Additionally, we performed a retrospective immunohistochemical study of polypoid fibrolipoma from the donor heart to determine the expression of SARS-CoV-2 antigens, which would define the donor to be the carrier of SARS-CoV-2. The SARS-CoV-2 antigen was present only in the donor heart (Figure 4B). Examination in the recipient heart did not identify histological signs of SARS-CoV-2. There were no diagnosed COVID-19 cases in patients or healthcare practitioners who were in contact with recipient while she was waiting for transplantation. After surgery, the recipient stayed in the individual patient room and advanced sanitary conditions were organized based on the hospital’s protocol. These observations support that she was infected with SARS-CoV-2 from the heart transplant donor.

3. Discussion

According to the reviews summarizing the aspects of COVID-19 in transplant patients, the median intervals from transplantation to diagnosis were from 26 months to 10 years [6,7].
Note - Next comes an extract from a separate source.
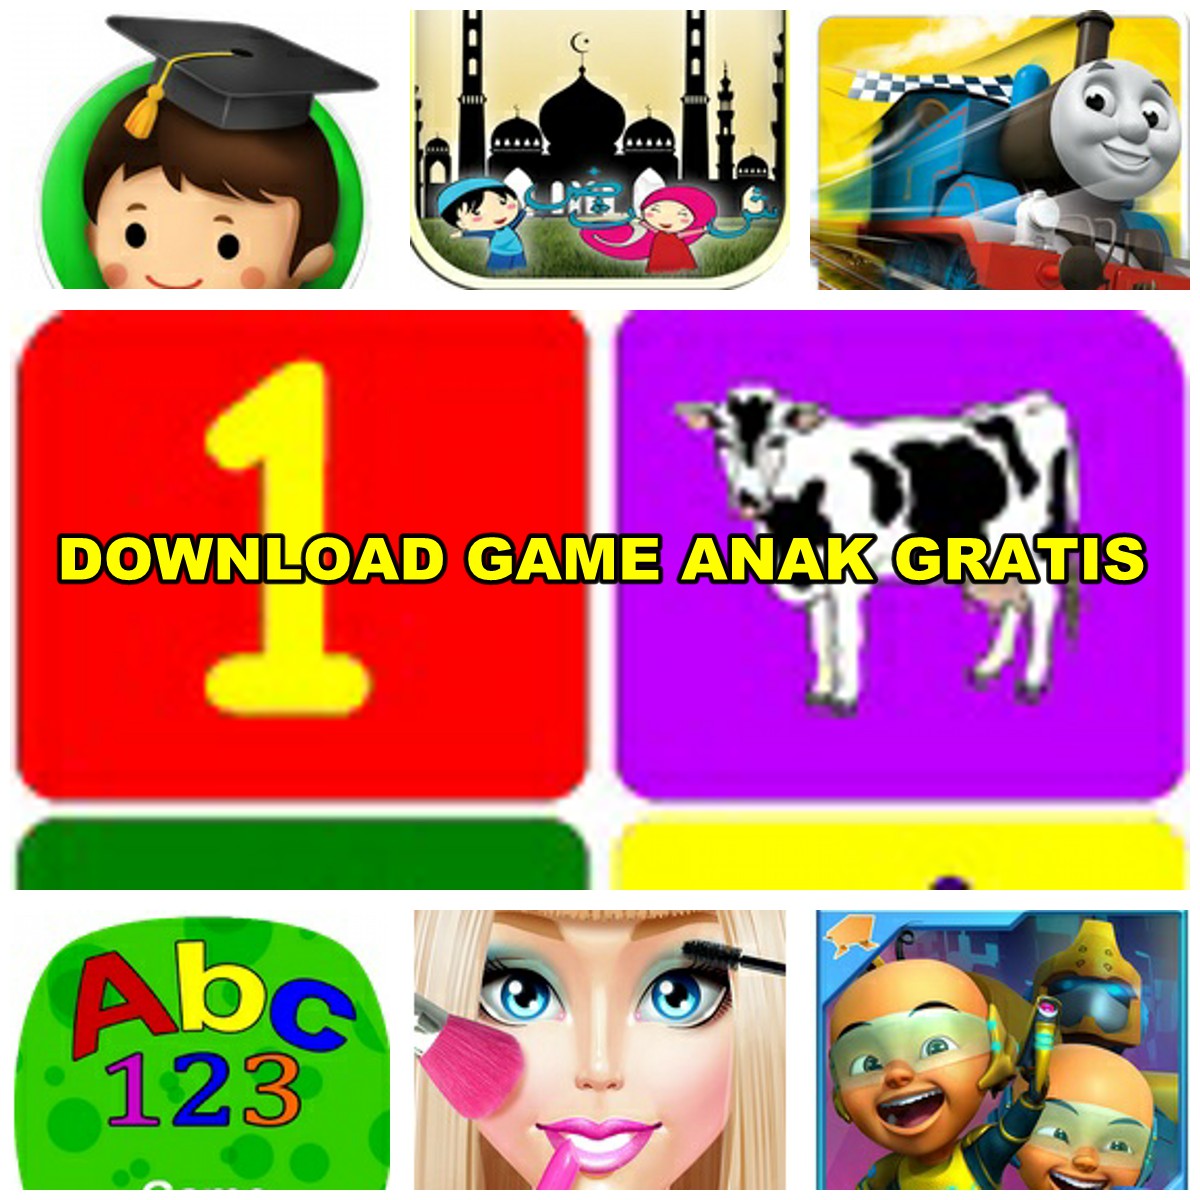 Download Game Anak GRATIS for Android - ALAMSEMESTA19 ...

Cases of SARS-CoV-2 infection in the peritransplant period are scarce. Qin et al. described a liver transplant recipient presenting with perioperative COVID-19 that was not detected upon admission [8].
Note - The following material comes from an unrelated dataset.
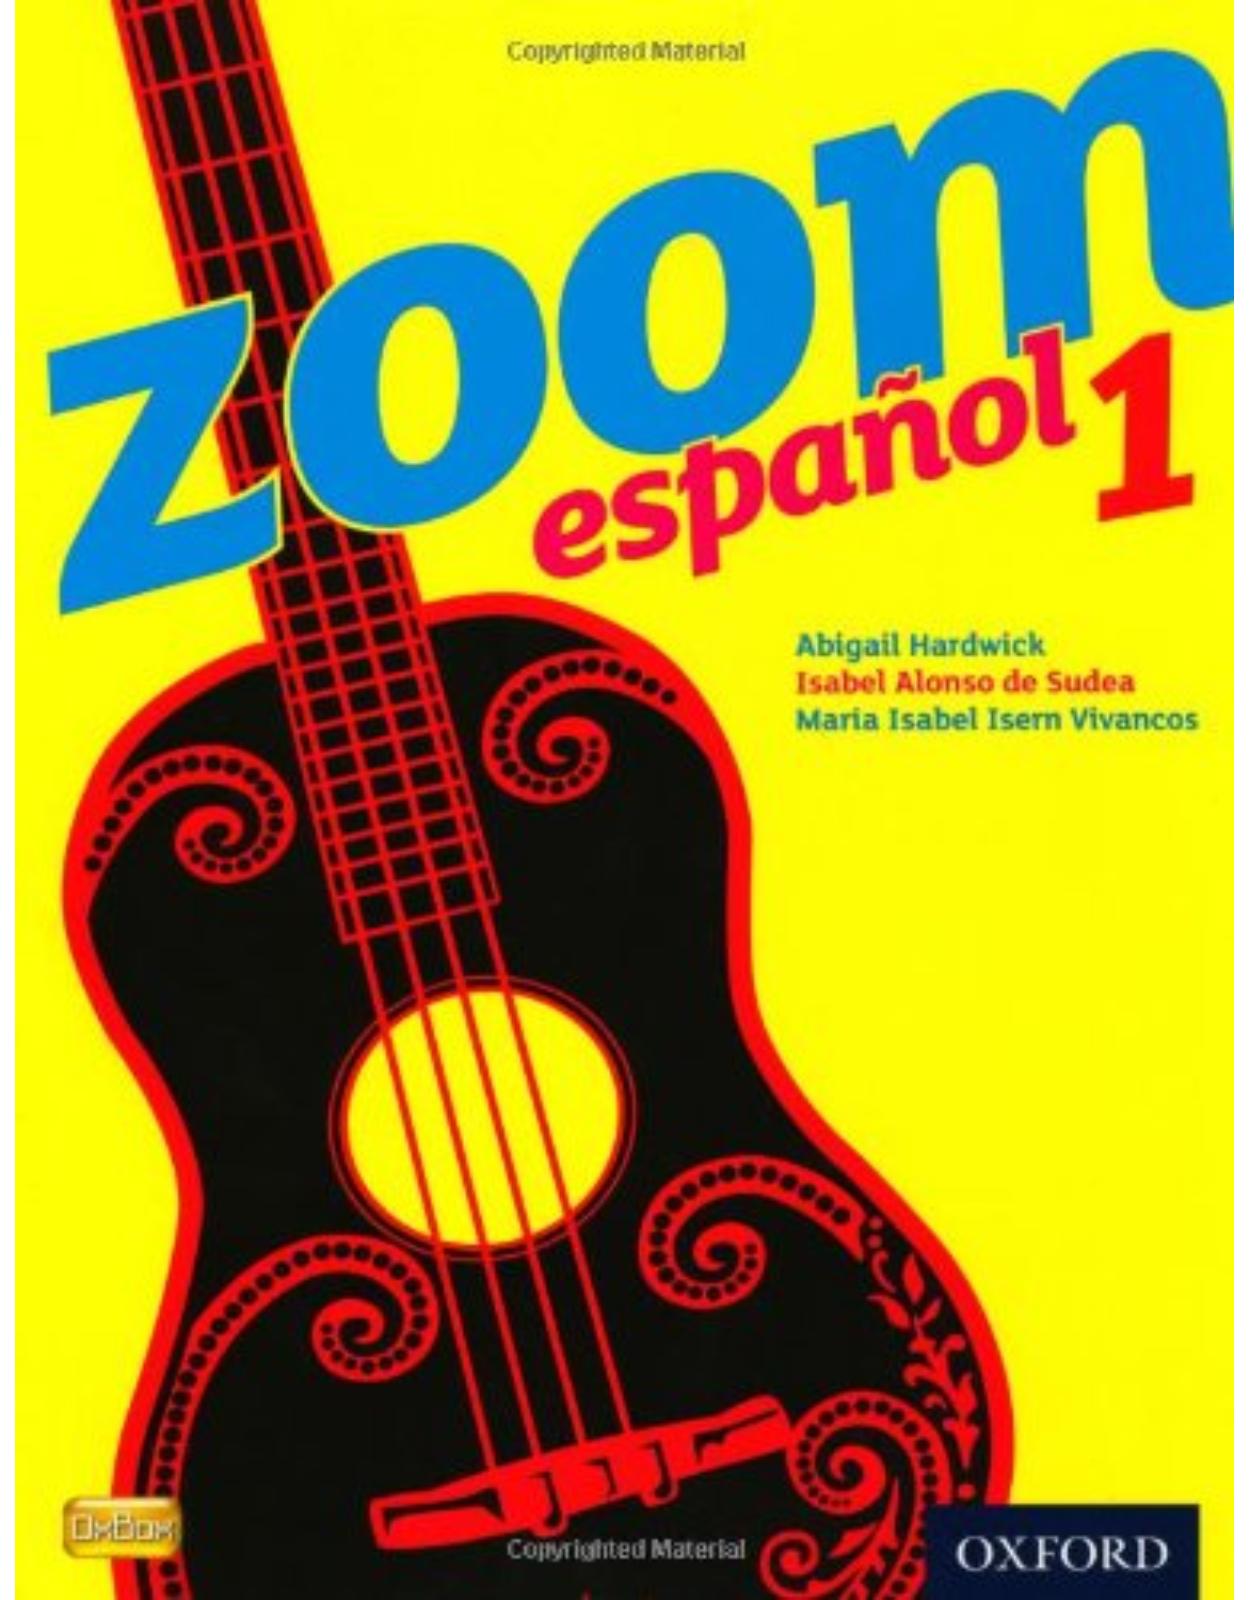 Zoom español 1 Student Book

Proven donor-to-recipient transmission of SARS-CoV-2 in heart transplantations is rarely documented. Several studies have described successful transplantations of non-pulmonary organs from SARS-CoV-2-infected donors to infected and uninfected recipients [9,10,11,12,13,14]. Moreover, transplantation from donors infected with SARS-CoV-2 has also not resulted in the infection of the recipient [15,16,17,18,19]. On the other hand, proven transmission of SARS-CoV-2 in lung transplantation has been reported [20,21].
In both cases, the donors were asymptomatic and had negative nasopharyngeal smear PCR test results, which is indeed not sufficient to rule out SARS-CoV-2 in internal organs. Certainly, in such cases, additional serological testing for specific SARS-CoV-2 immunoglobulins, PCR of smears from deeper sections, and a morphological examination of donor biopsy material are appropriate. However, it is not always possible due to time constraints and the severity of the recipient’s condition, as in our case. In any case, the risk of SARS-CoV-2 transmission through organ donation remains underestimated.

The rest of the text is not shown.